看着应珍离开的背影,青衣女子收敛笑容,唤了一声:“出来吧。”
“所以,”是武生,但他并未入门,只是站在侧门外,“你让我一次次在戏台上杀死她,你看着我在台上那绝望而精准的一剑,看着我那空洞而痛苦的眼神,你是否也是在用这种极端的方式,确认那段充满鲜血与误会的过去真实存在过?确认我的那份深刻却无法直面的爱,未曾消散?”
“爱?你这样的人怎配谈爱?”
“我是有苦衷的……”
“若你的苦衷能换回……罢了,我同你这样的人说什么假如。”
“那假如你刚刚杀了她呢?”
“你是说阿珍姑娘?我缘何要杀她?”
“你无需与我装傻,眉心一点红痣,生得是菩萨面相,你明知道她是谁!魅惑之术天下第一的邀月仙侍,你别忘了,宫主……”
“你真是疯魔了!宫主只是让我们找她,可从来没有要我们杀她!以她的境界,就是一千个我和一万个你在这里,都无法伤她一根汗毛!”
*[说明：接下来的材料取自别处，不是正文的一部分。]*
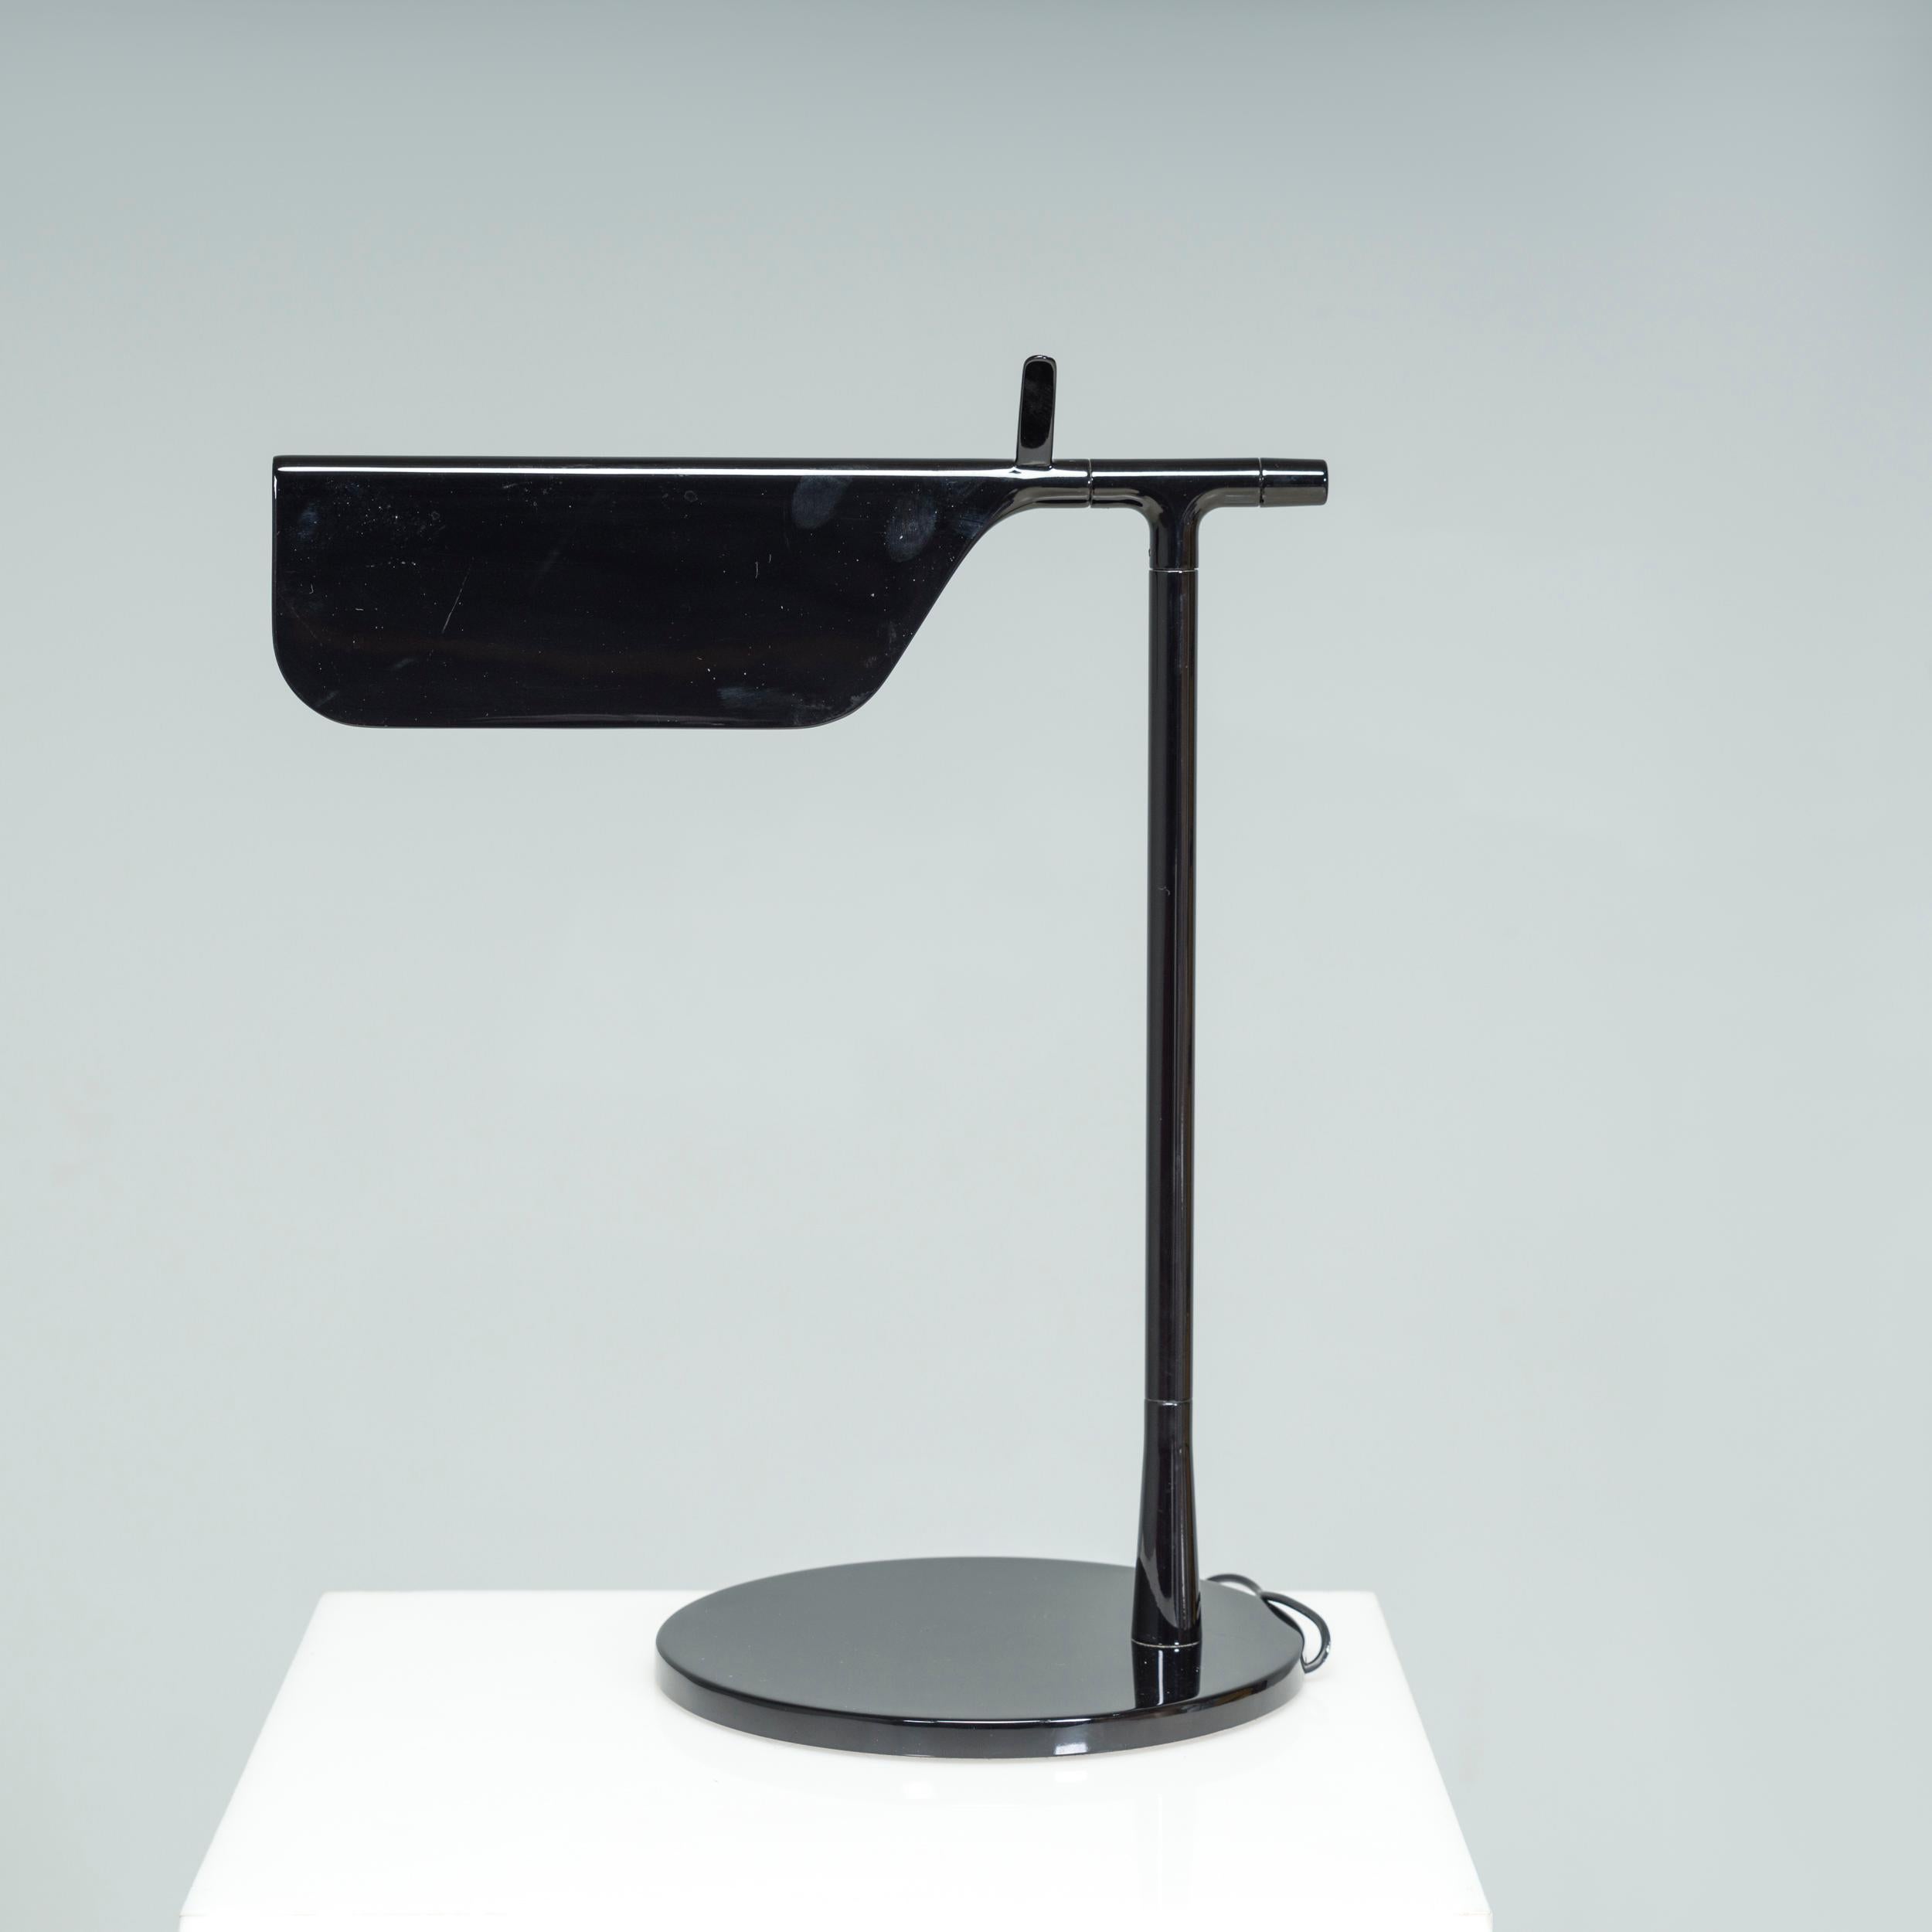 Chinese Edward Barber & Jay Osgerby for Flos Black Tab Table Lamp For Sale

“她未对你设防,你本有机会杀了她的!你本有机会报仇的!”
“一介尘人,胆敢与我这样说话!”青衣女子一挥衣袖,扇上那武生的脸,“我再说一次,宫主只是让我假借云游四海的名义找她,应婙殊也好,阿珍姑娘也罢,只要找到了我就能回宫复命,你不要给我惹出事端!”
“那作为笙笙的妹妹,你别忘了,是她杀了你姐姐!”
“你搞错了,是你杀了姐姐!是你的长剑刺进她的胸口!你应该感谢姐姐的遗言,让我还愿意把你留在身边做从月宫的一条狗!”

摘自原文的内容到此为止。